Tested the effectiveness of these features using correlation analysis.
V2: Hyperparameter Tuning
Introduced hyperparameters to fine-tune the model.
V3: Testing a New Model - Random Forest
Shifted to a random forest model to capture more complex patterns in the data.
Used this model for classification tasks like churn prediction, which was better at handling non-linearities and interactions between features.
V4: Threshold Adjustment, Model Tuning (Grid Search), and Handling Class Imbalance (SMOTE)
Adjusted the decision threshold to find the optimal balance between sensitivity and specificity.
Used grid search for hyperparameter optimization.
Addressed class imbalance using SMOTE (Synthetic Minority Over-sampling Technique).
V5: New Combination of Features
Added more features and adjusted the combination to improve the model’s accuracy.
I iterated through different versions of the model, testing each one and analyzing the results using basic statistical techniques that I mentioned in the previous section. This continued until I arrived at the final feature set.
6 Deployment: Deploying the Model for Production Use
The model is now ready to deploy into production. My company uses Google Cloud Platform to store our database, so the challenge was adapting the code that ran locally on my computer to run in the cloud. This involved ensuring that all necessary Python libraries were available in the cloud environment and figuring out how to store and access the model using Google Cloud. The model feeds into a table that populates a report I made for the stakeholder to look at. This lets them review the customers it returned and prioritize resources on specific customers. . Although this step took longer than I expected, it was a valuable learning experience that highlighted the complexities of deploying models at scale.

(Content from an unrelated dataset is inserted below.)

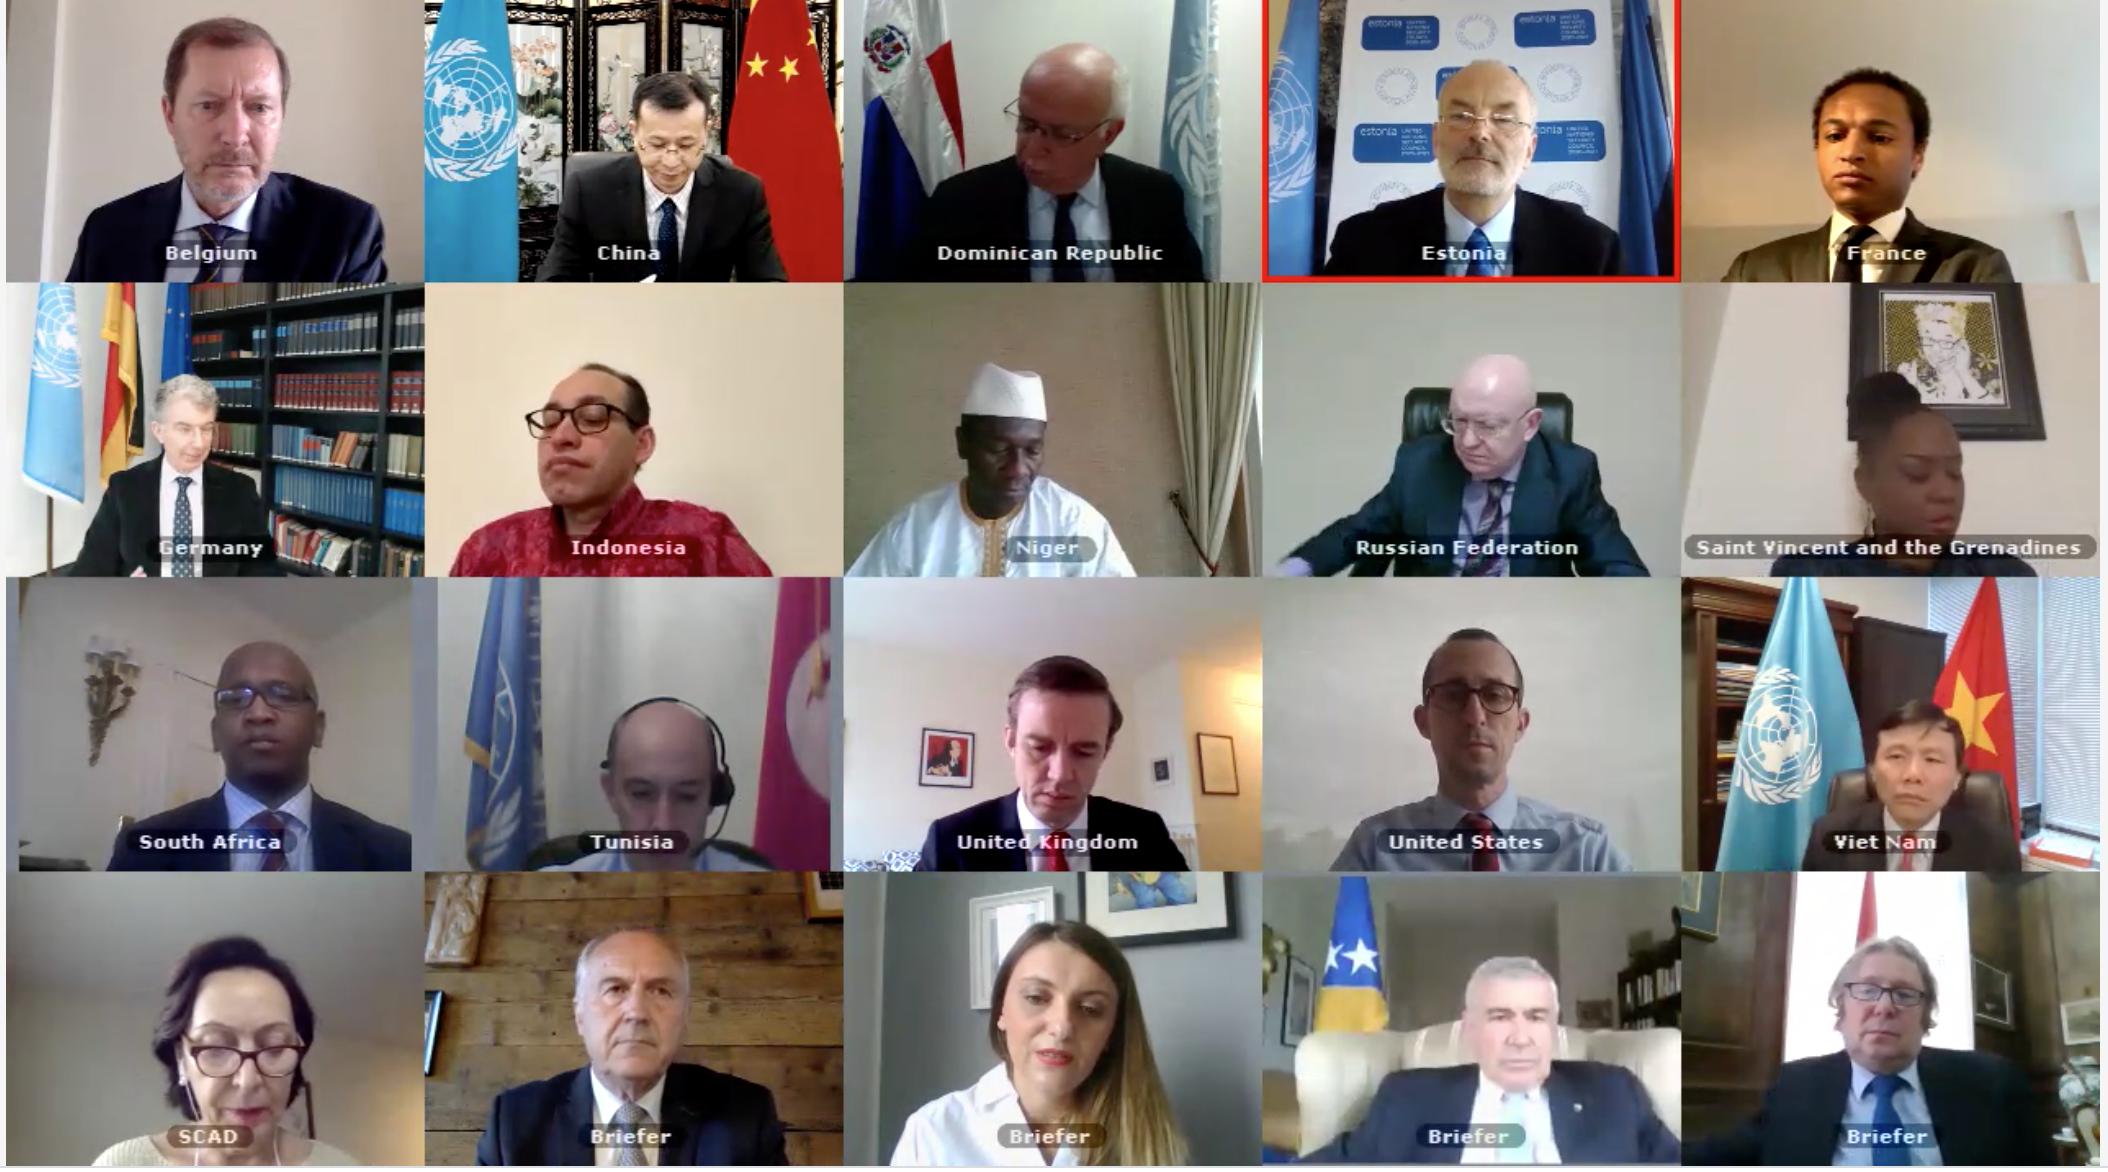 Hội đồng Bảo an LHQ thảo luận về Bosnia và Herzegovina

7 Monitoring: Continuously Monitoring the Model
The final stage of the project, which I’m in right now, involves continuously monitoring the model’s performance in production. As new data becomes available, I’ll retrain the model to make sure it remains accurate and effective. This ongoing process will be vital to the model’s long-term success, and I plan to provide updates on how things progress in the future.
Conclusion
While I’m not an experienced data scientist (though I want to learn about the field), I’ve approached this project with a desire to learn and improve. I may have made some mistakes along the way, but the model was created, passed the basic benchmarks, and is now in use. Looking back, I’m sure there will be many areas where I can improve, but this was my experience, and I’m proud of what I’ve done. Remember, this blog post isn’t a guide on how to build a predictive model, it’s a reflection of my journey and learning process. I hope my experience can offer insights to others in similar situations, but I’m always open to feedback and new ideas.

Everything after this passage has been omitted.